(DATA SHOWN)
++++++++++++++++++++
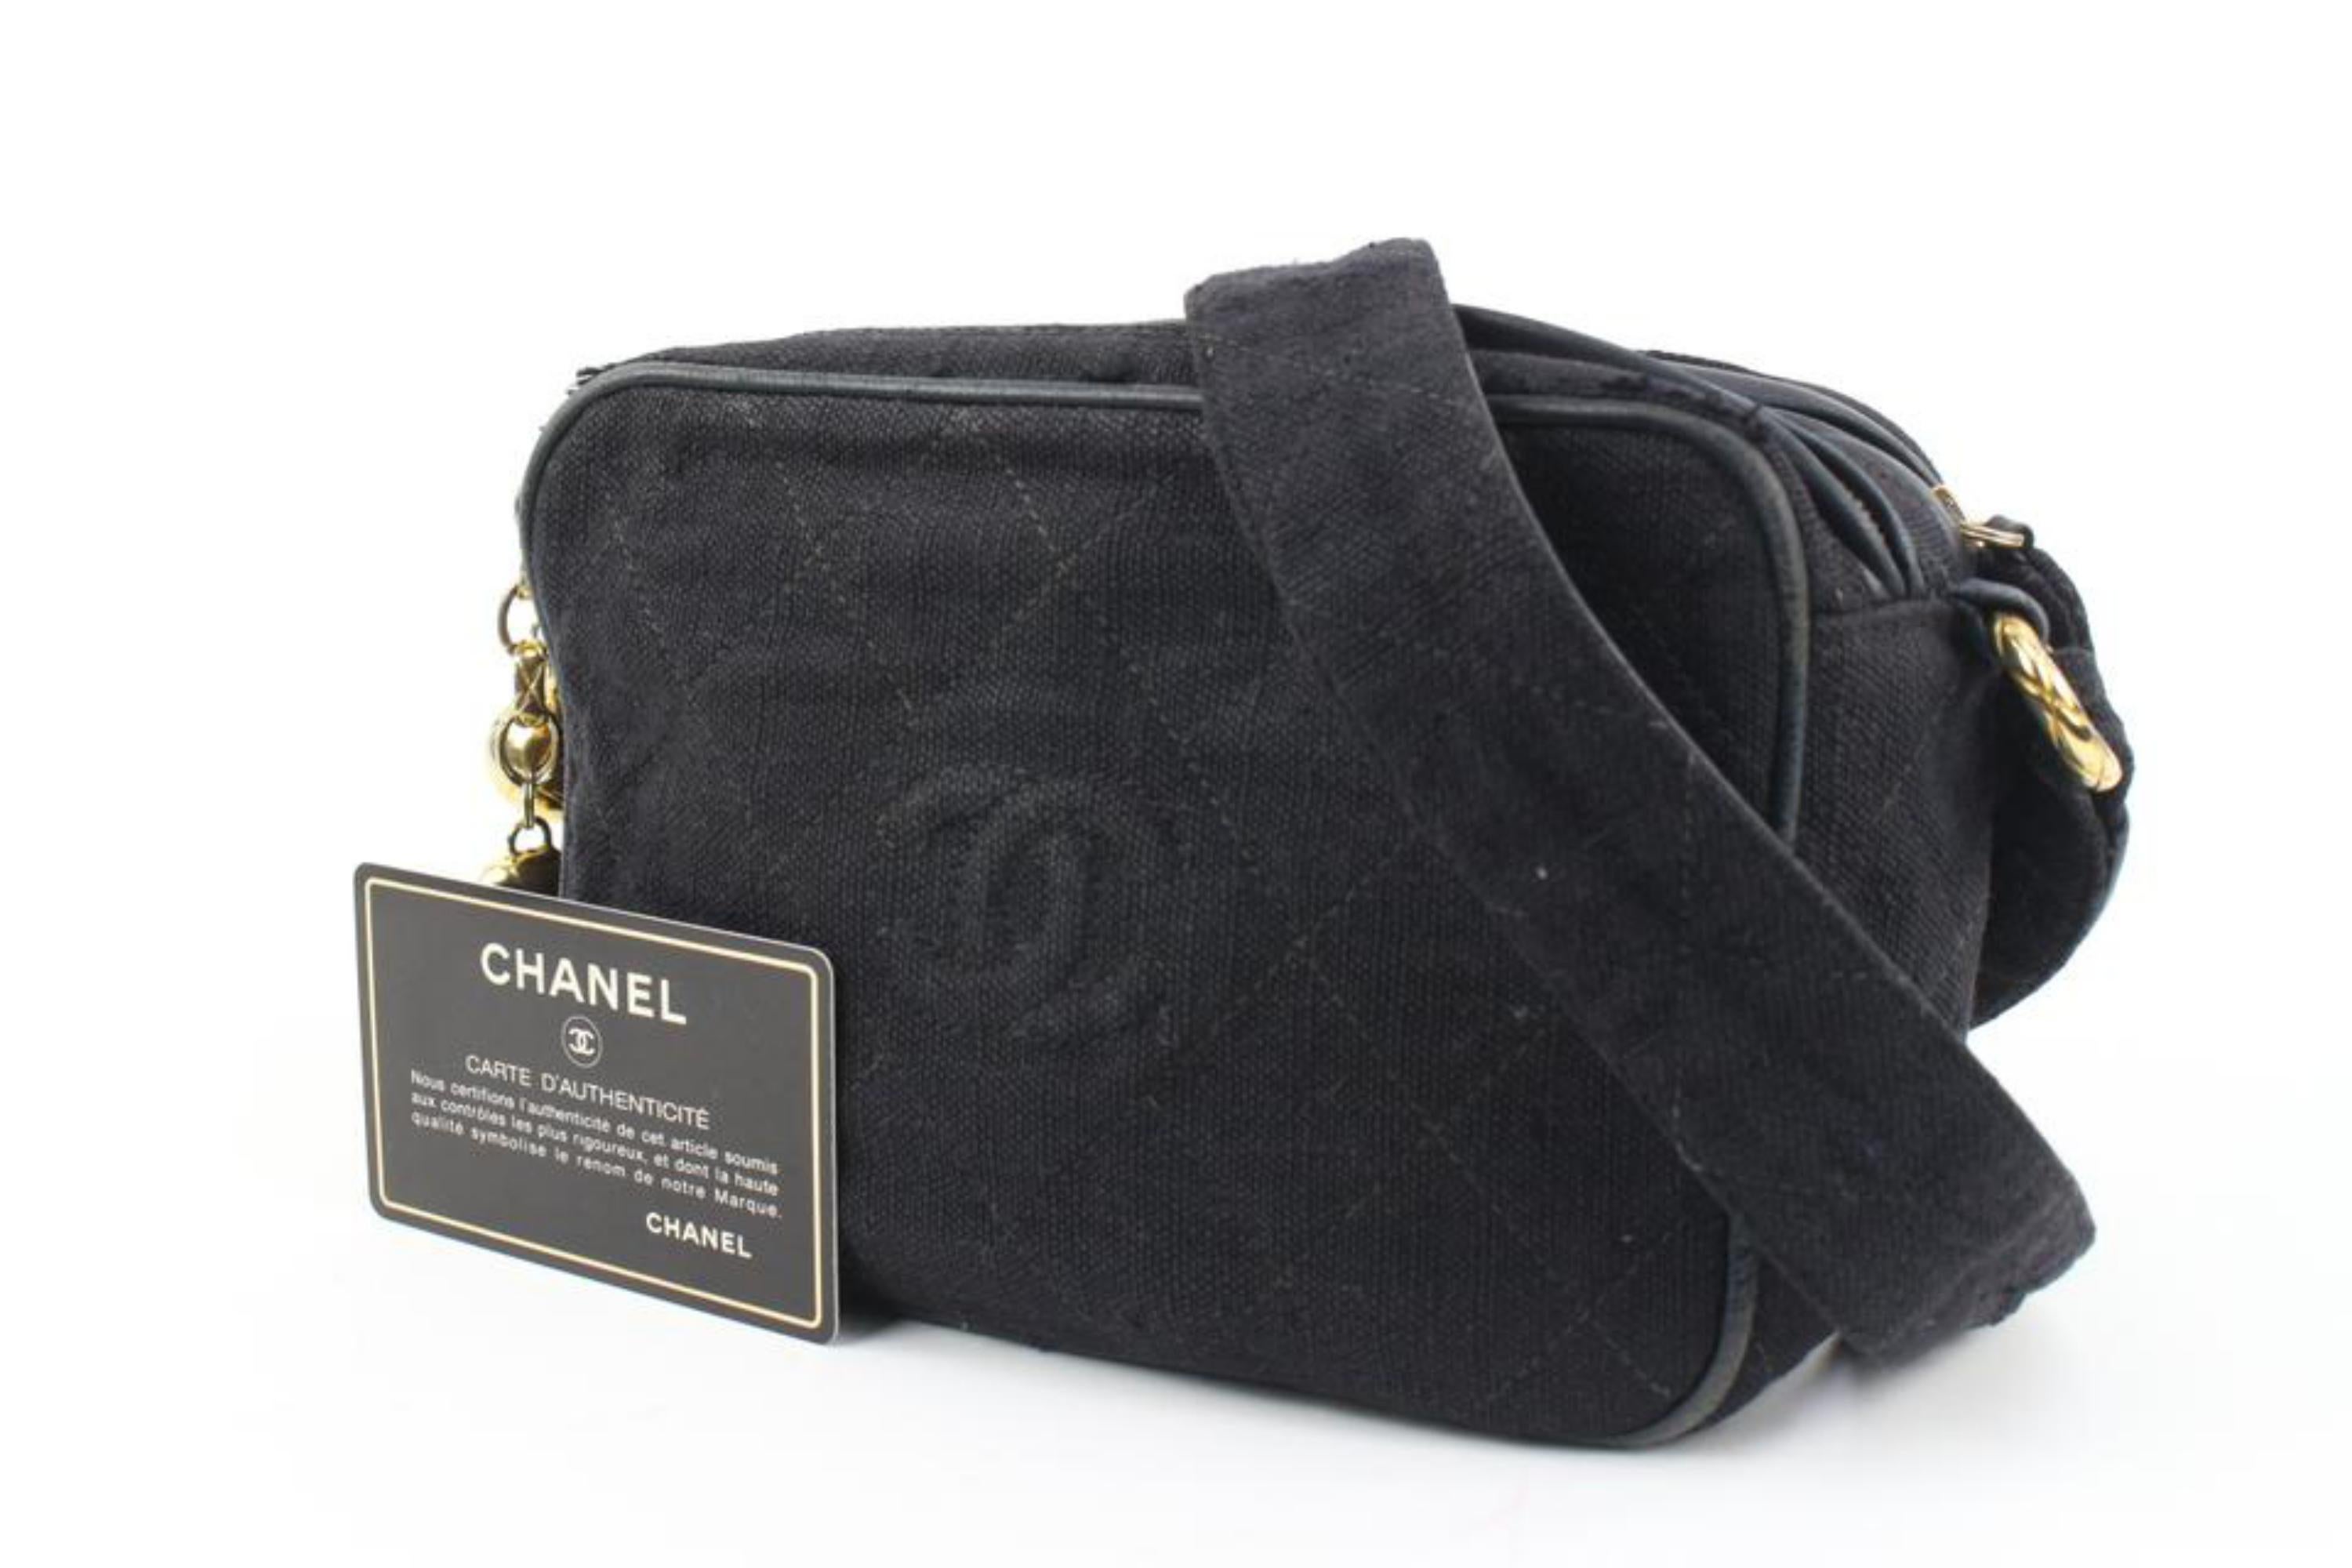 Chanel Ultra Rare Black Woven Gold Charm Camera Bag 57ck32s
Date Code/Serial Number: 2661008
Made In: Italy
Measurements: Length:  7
++++++++++++++++++++
(ASSIGNED TASK)
Set down exactly what runs from the line with "Date Code/Serial Number: 2661008" to the last line of the data above, including both of those lines and no others.

(EXERCISE ANSWER)
Date Code/Serial Number: 2661008
Made In: Italy
Measurements: Length:  7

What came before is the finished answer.